For example, by performing summarization using words that are easy for a user to understand, the user can understand the content of text included in a document (e.g., minutes) without reading the entire text.

Further, by performing translation into a language suitable for a user, the user can understand the content of a document more accurately and quickly.

The second embodiment is described below. In the second embodiment, elements, members, components, or operations that are different from those of the first embodiment are described. In other words, elements, members, components, or operations of which description are omitted below may be the same or substantially the same as those of the first embodiment.
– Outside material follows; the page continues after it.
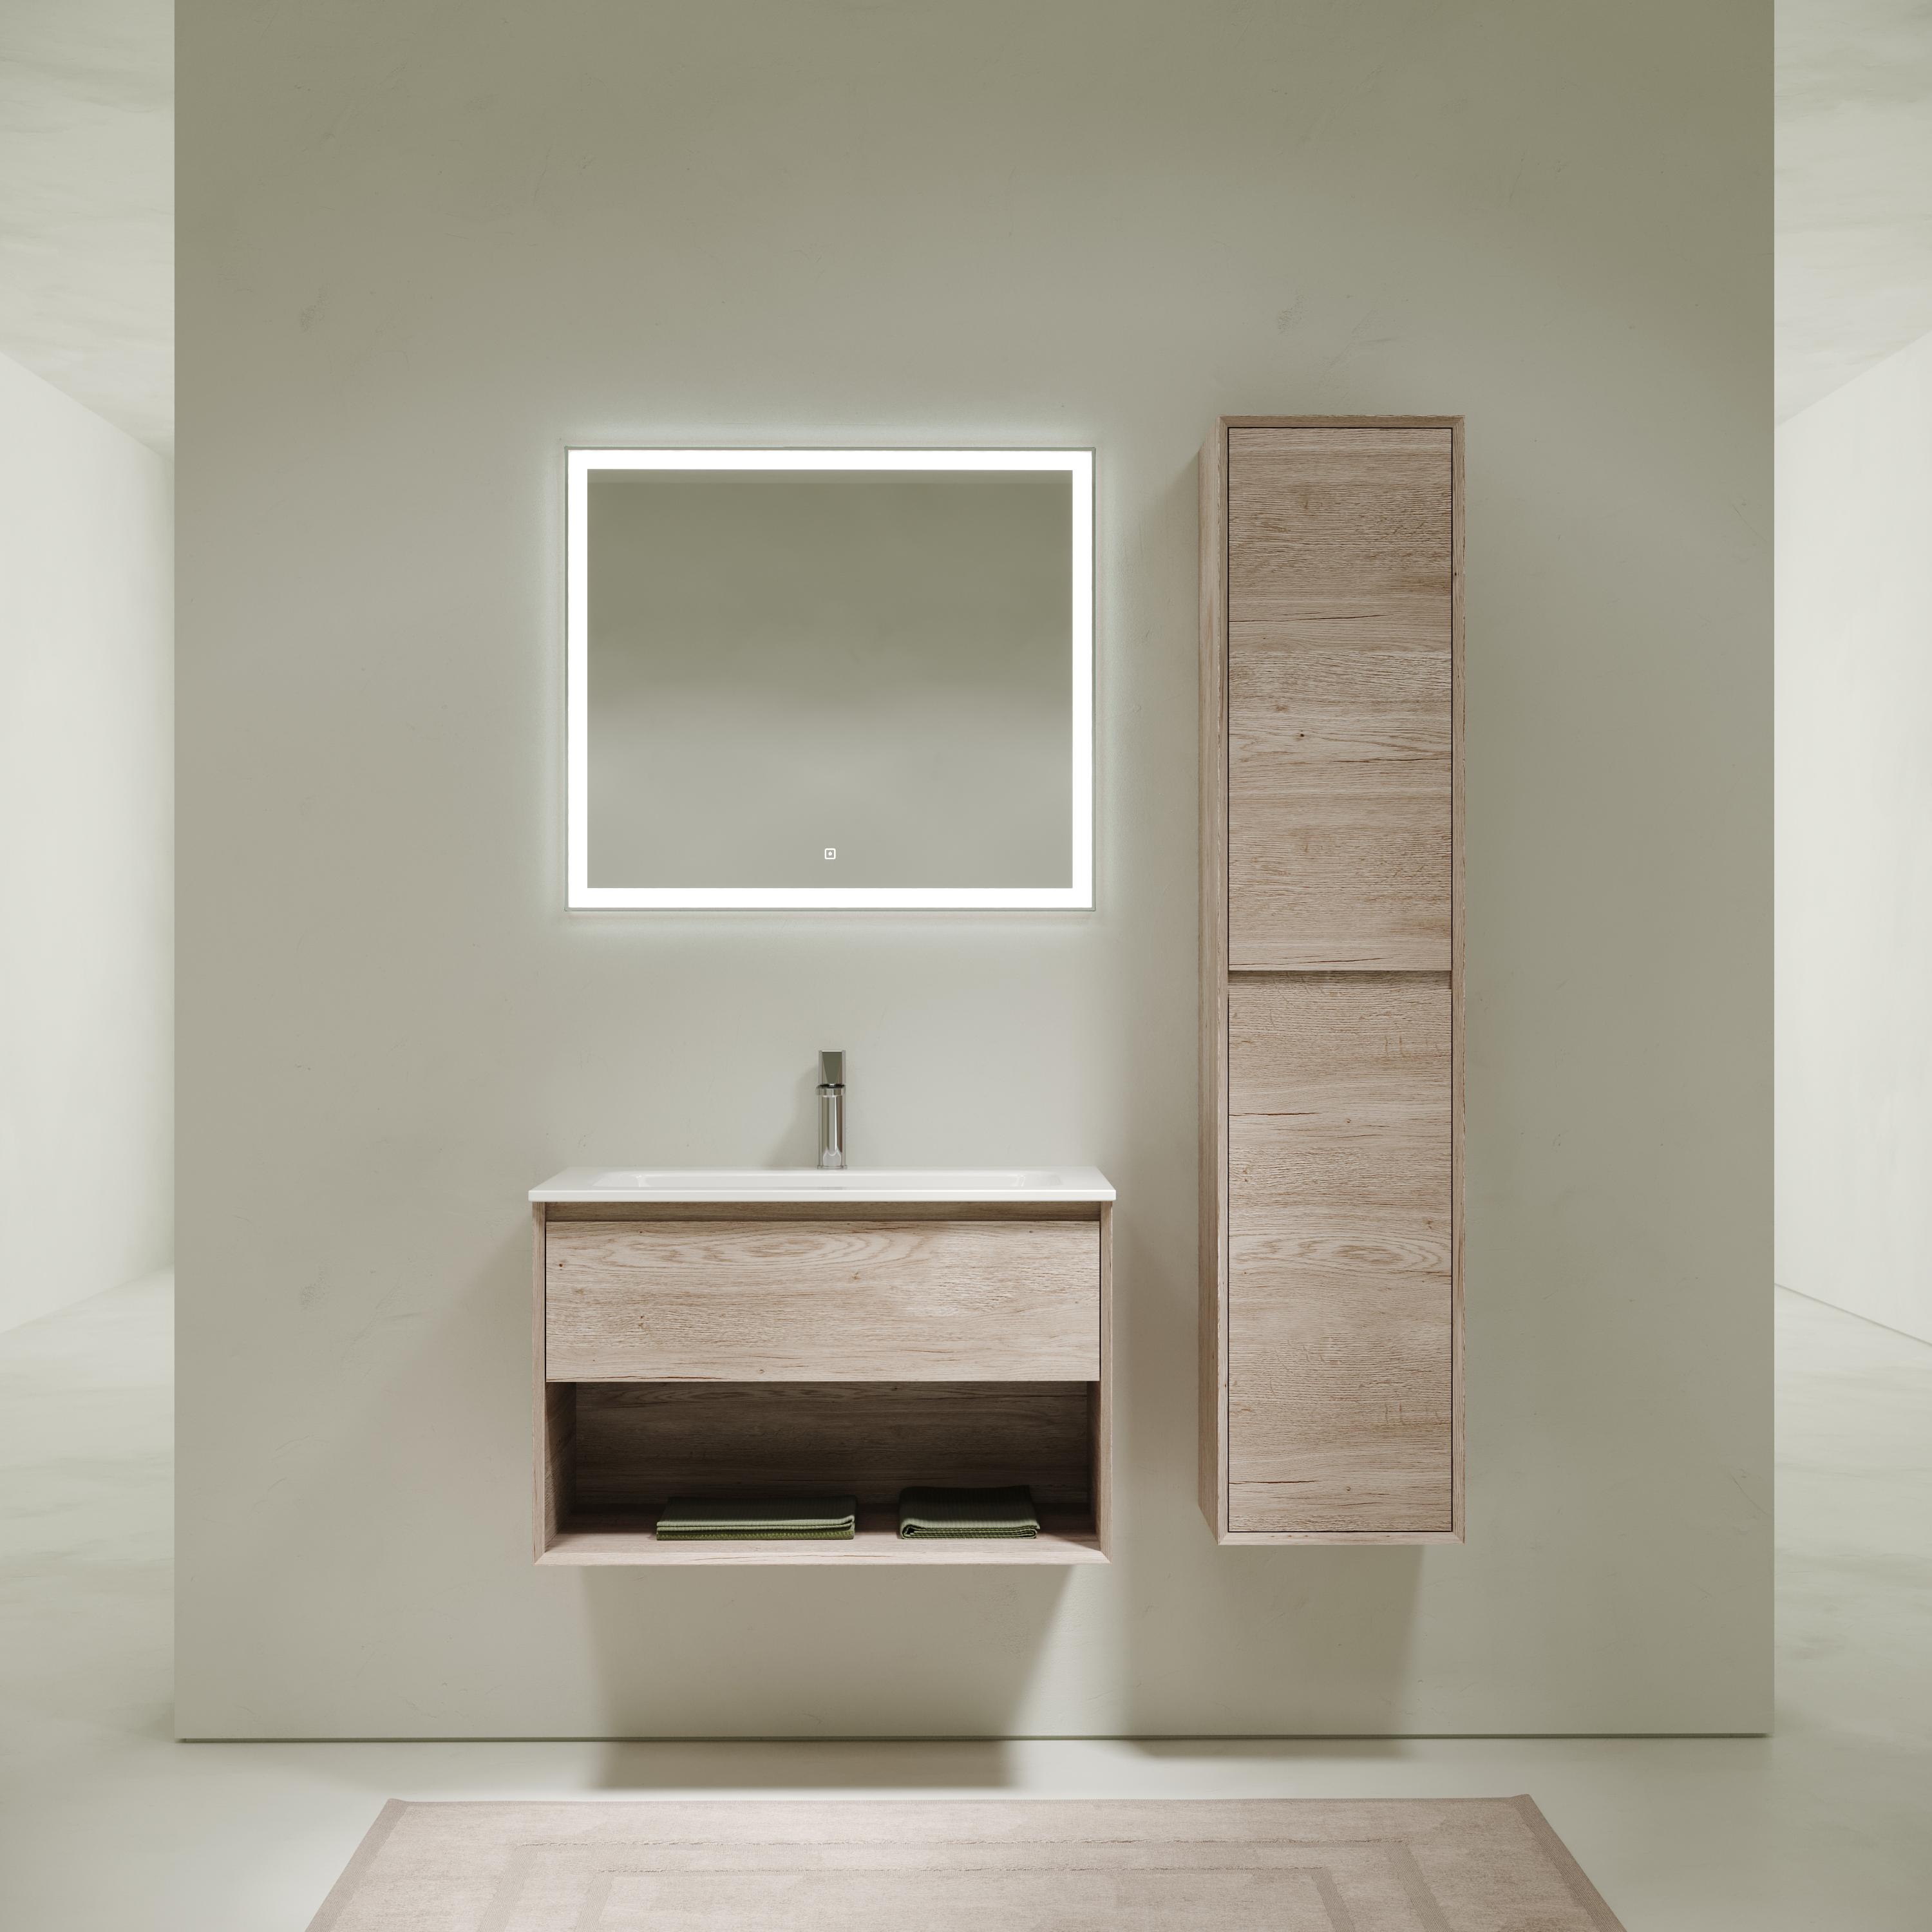 Мебель для ванной комнаты Sancos Marmi 1.0 80 см дуб галифакс натуральный, цвет коричневый MR1.080EG - фото 1

FIG. 9 is a diagram illustrating a functional configuration of the information processing system according to the second embodiment. In the description given with reference to FIG. 9, like reference signs are allocated to the same elements, members, components, or operations as those described with reference to FIG. 4, and the descriptions thereof are omitted as appropriate.

According to the configuration illustrated in FIG. 9, the image processing apparatus 10 includes the character recognition unit 22 and the text storage unit 26. In this case, for example, after the process of step S104 is performed and before the process of step S106 are performed, the same process as that of step S108 is performed by the image processing apparatus 10, and text is extracted from a scanned image. The conversion request transmitted in step S106 includes the text instead of the scanned image. In response to receiving the conversion request, the information processing apparatus 20 does not perform the processes of steps S107 to S109, but performs the processes of step S110 and the subsequent steps.
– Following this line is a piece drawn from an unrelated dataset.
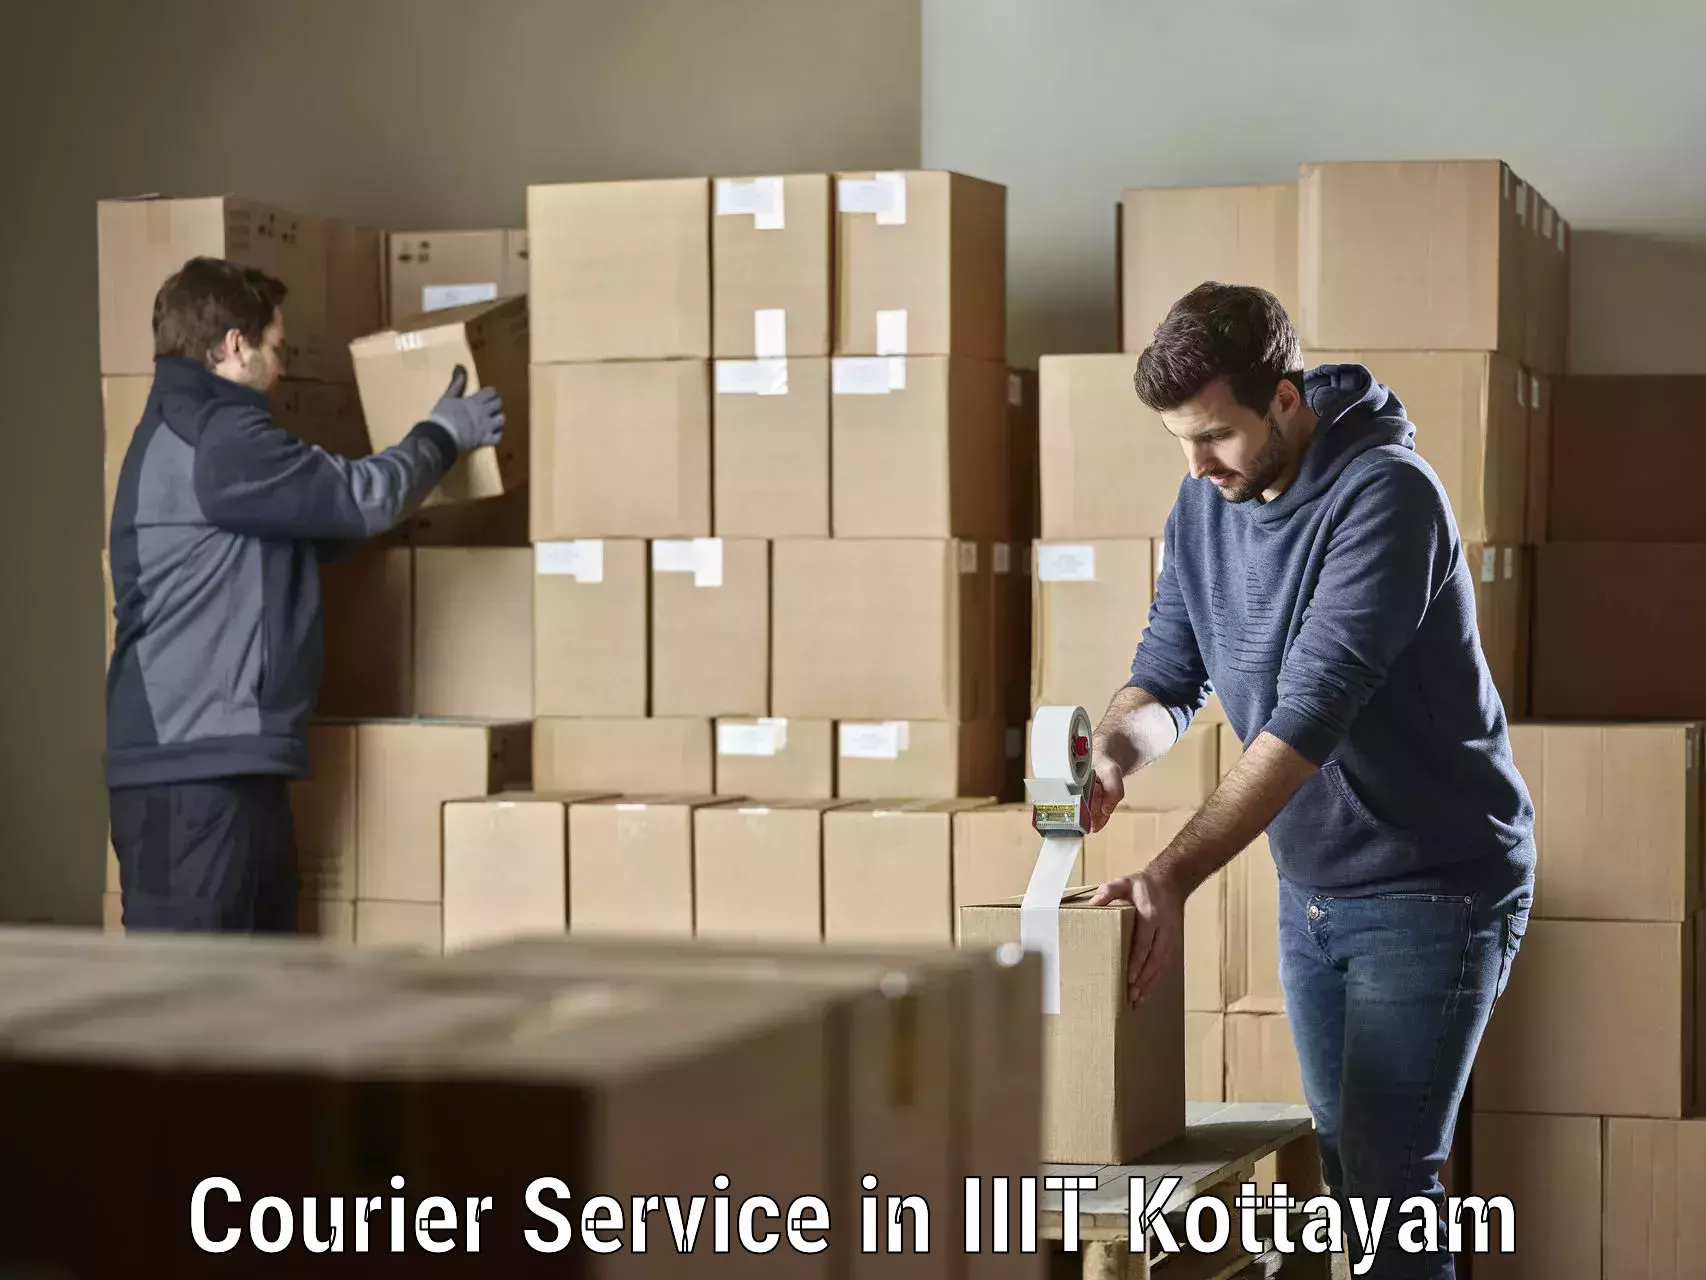 Digital courier platforms in IIIT Kottayam

As described above, the character recognition processing may be performed internally by the image processing apparatus 10 or externally to the image processing apparatus 10.

The third embodiment is described below. In the third embodiment, elements, members, components, or operations that are different from those of the first embodiment are described. In other words, elements, members, components, or operations of which description are omitted below may be the same or substantially the same as those of the first embodiment.

FIG. 10 is a diagram illustrating a functional configuration of the information processing system according to the third embodiment.

In the description given with reference to FIG. 10, like reference signs are allocated to the same elements, members, components, or operations as those described with reference to FIG. 4, and the descriptions thereof are omitted as appropriate.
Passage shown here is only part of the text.